Starting at the line that contains "When we talk" in the listing below, write out every line word for word until you have written the line that contains "ZLV - Connecting Food & Packaging, Logo".

_ENTRIES SUPPLIED_
━━━━━━━━━━━━━━━━
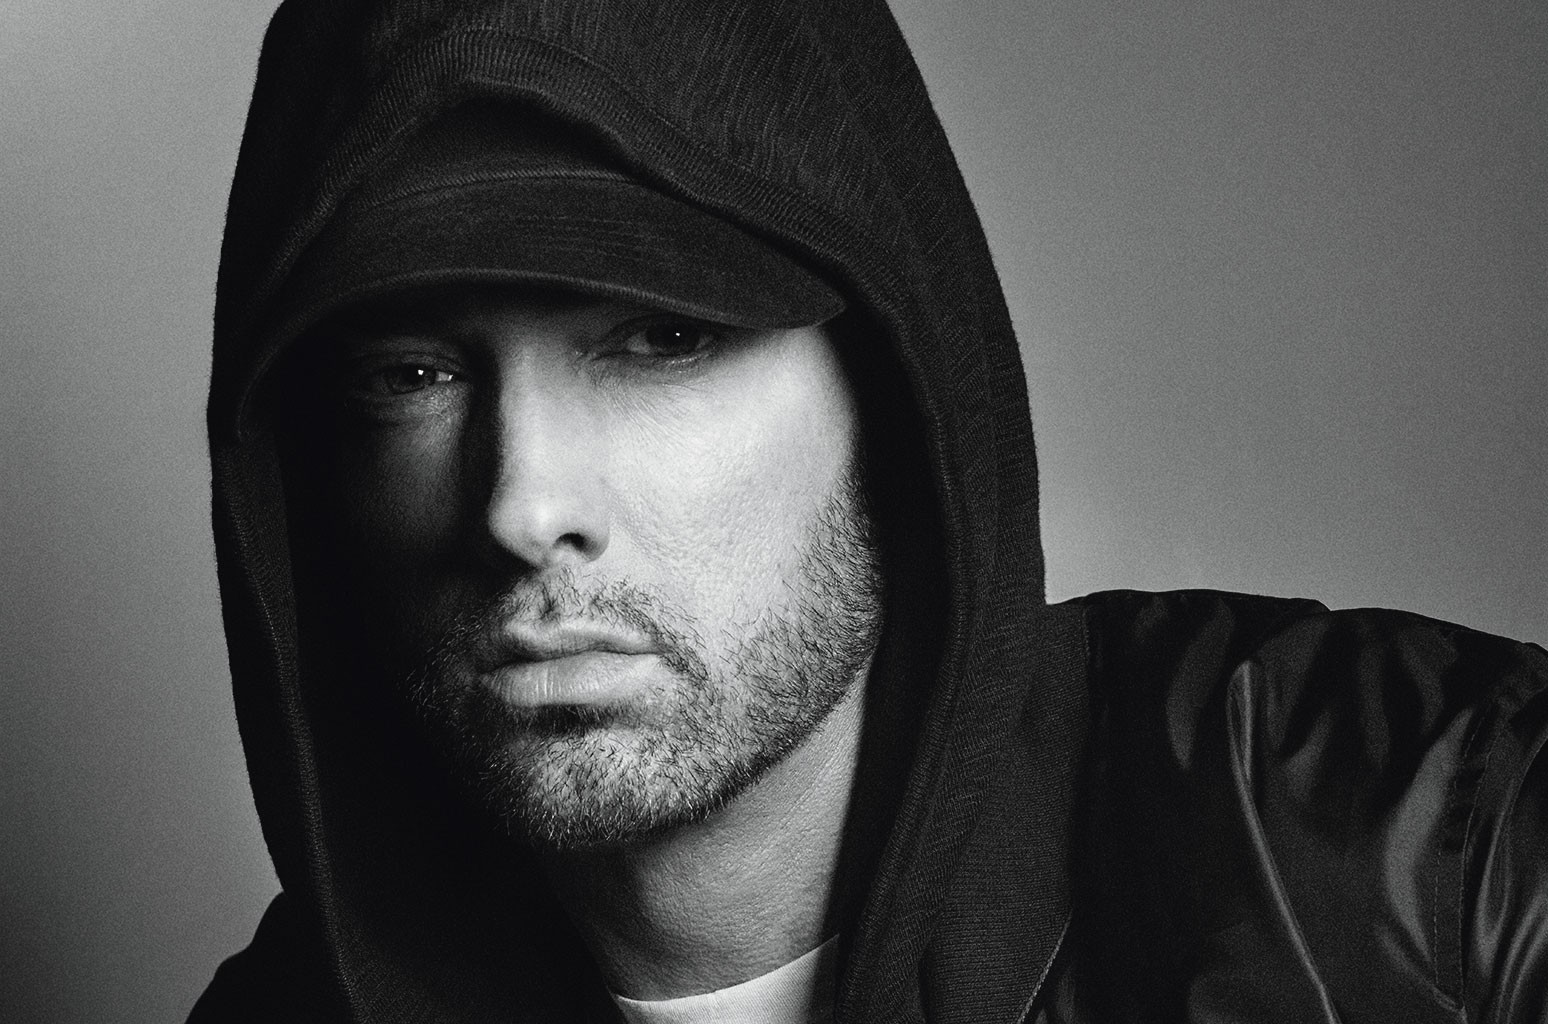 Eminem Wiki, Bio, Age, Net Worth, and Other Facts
━━━━━━━━━━━━━━━━
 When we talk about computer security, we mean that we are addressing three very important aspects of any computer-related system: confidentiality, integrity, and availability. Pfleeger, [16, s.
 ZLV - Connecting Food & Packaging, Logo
━━━━━━━━━━━━━━━━
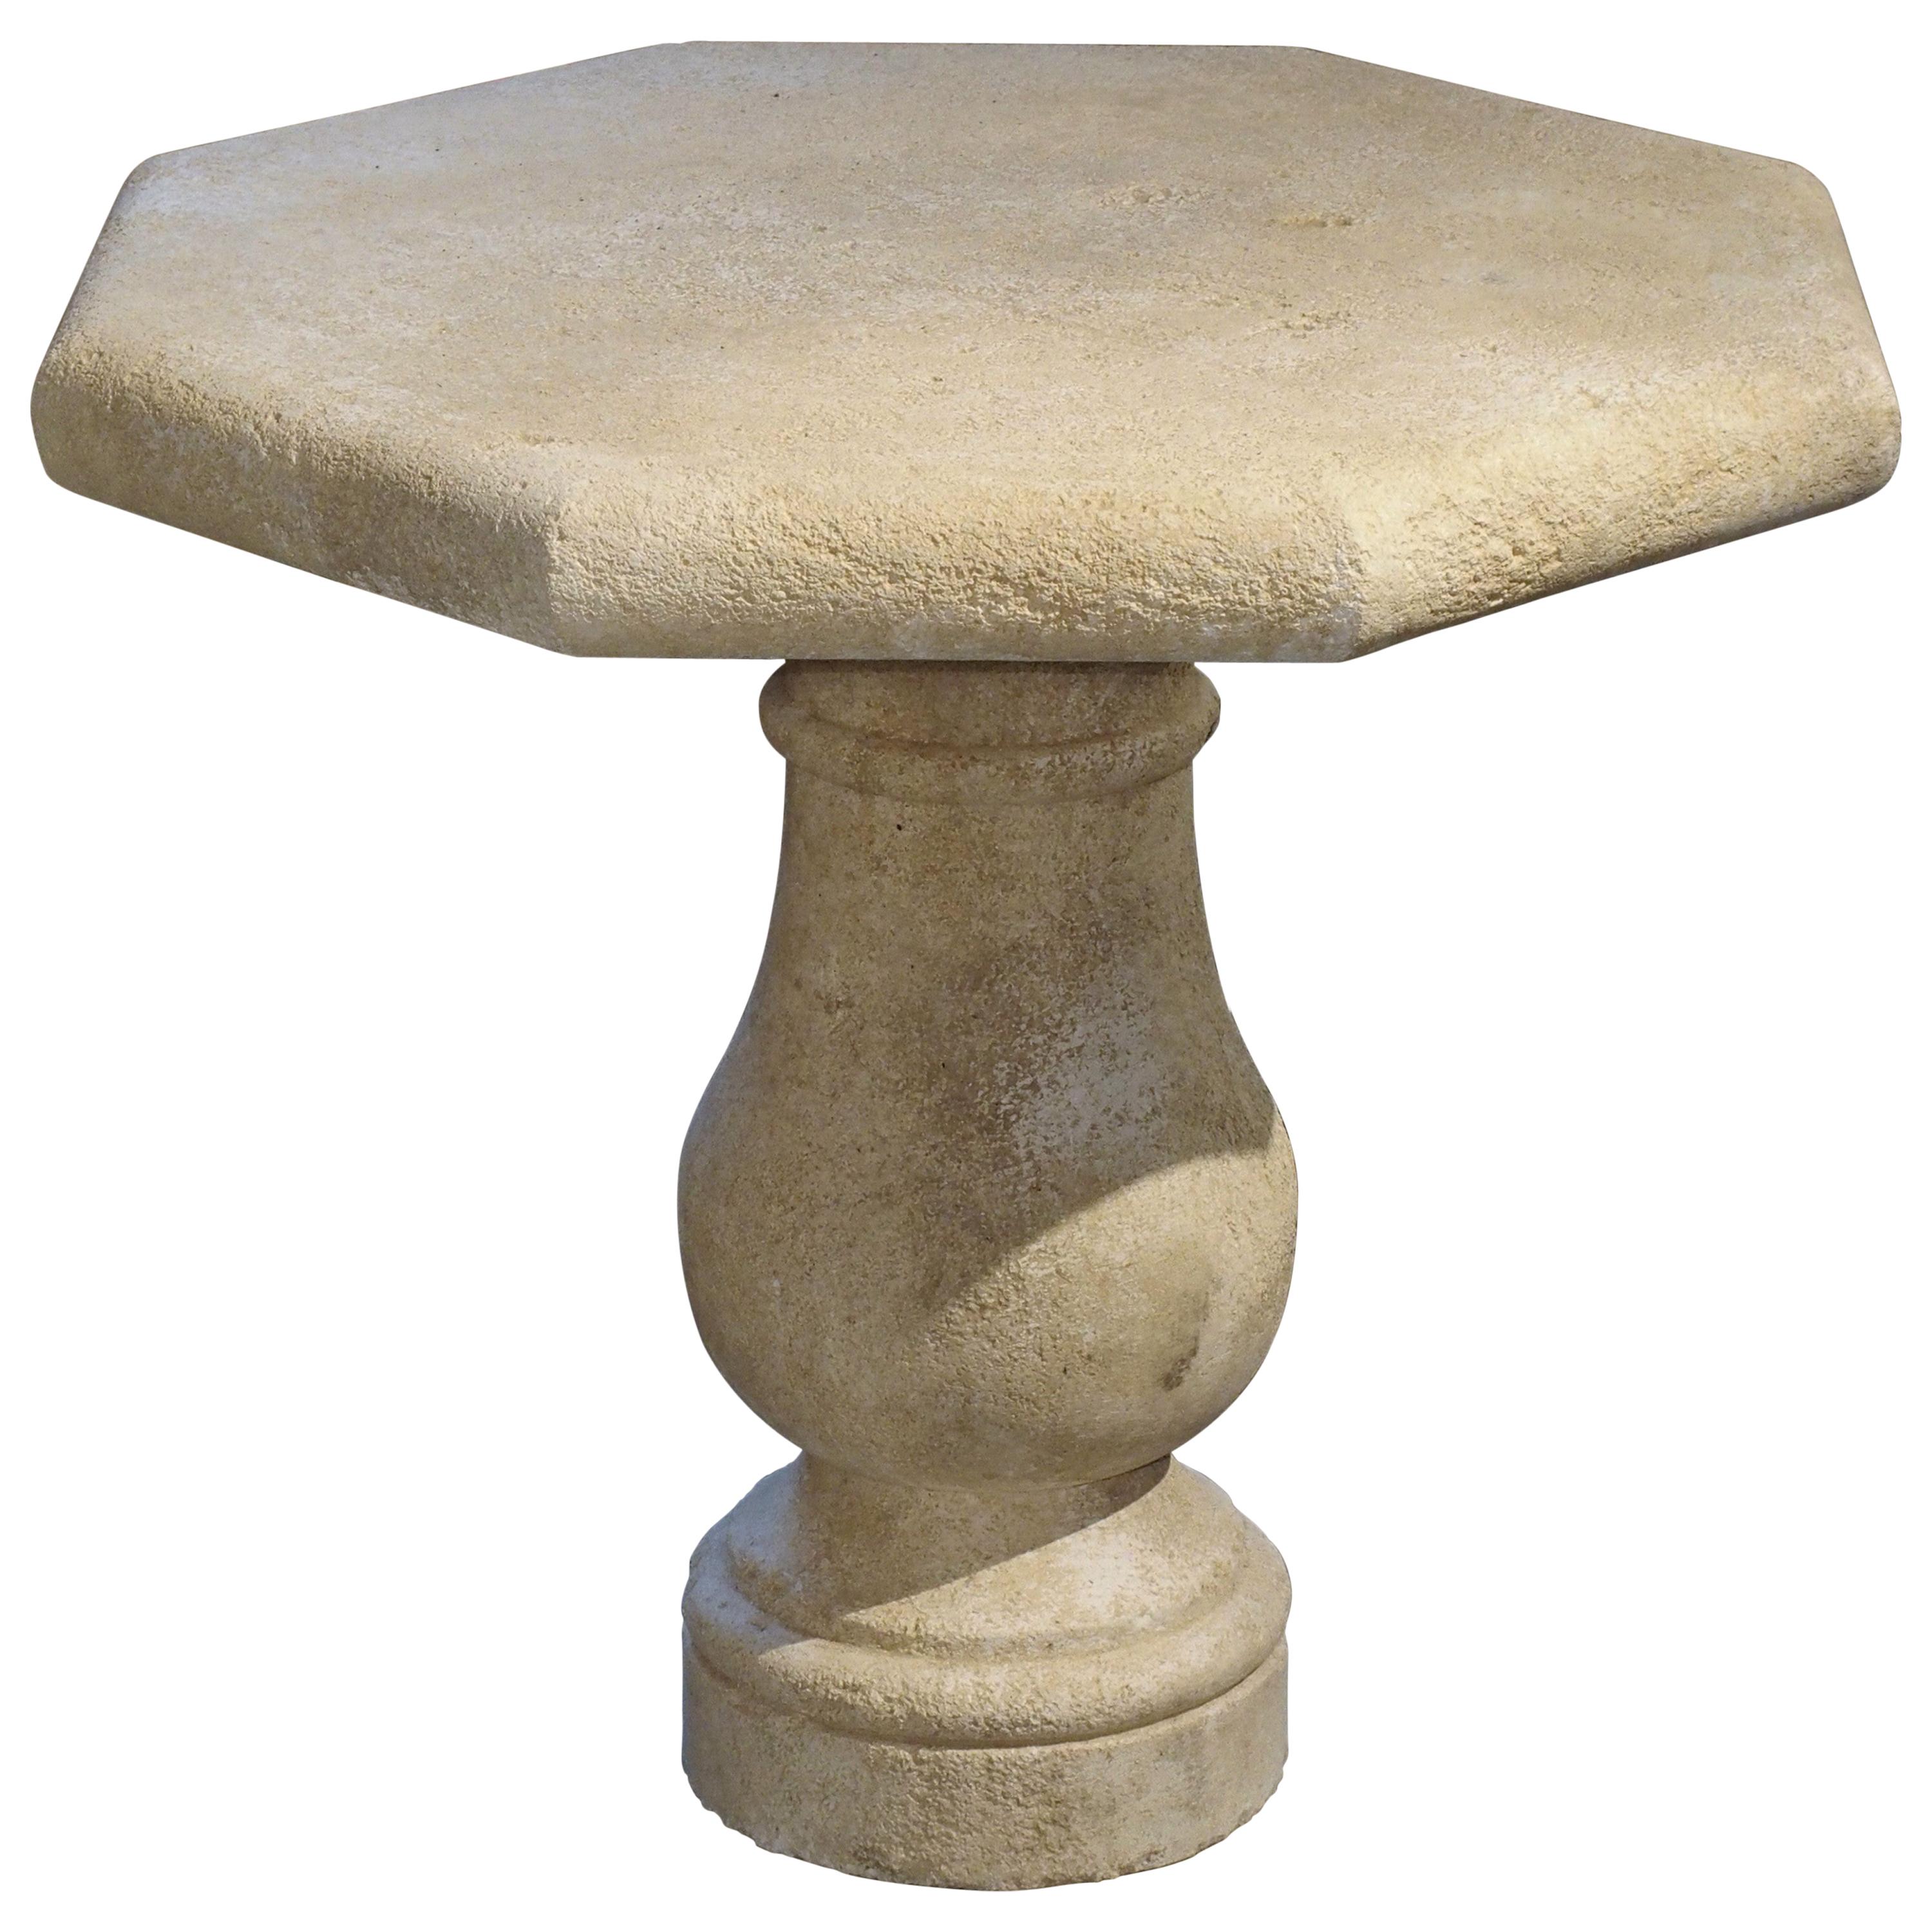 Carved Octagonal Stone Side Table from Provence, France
━━━━━━━━━━━━━━━━
_ANSWER AREA_
 When we talk about computer security, we mean that we are addressing three very important aspects of any computer-related system: confidentiality, integrity, and availability. Pfleeger, [16, s.
 ZLV - Connecting Food & Packaging, Logo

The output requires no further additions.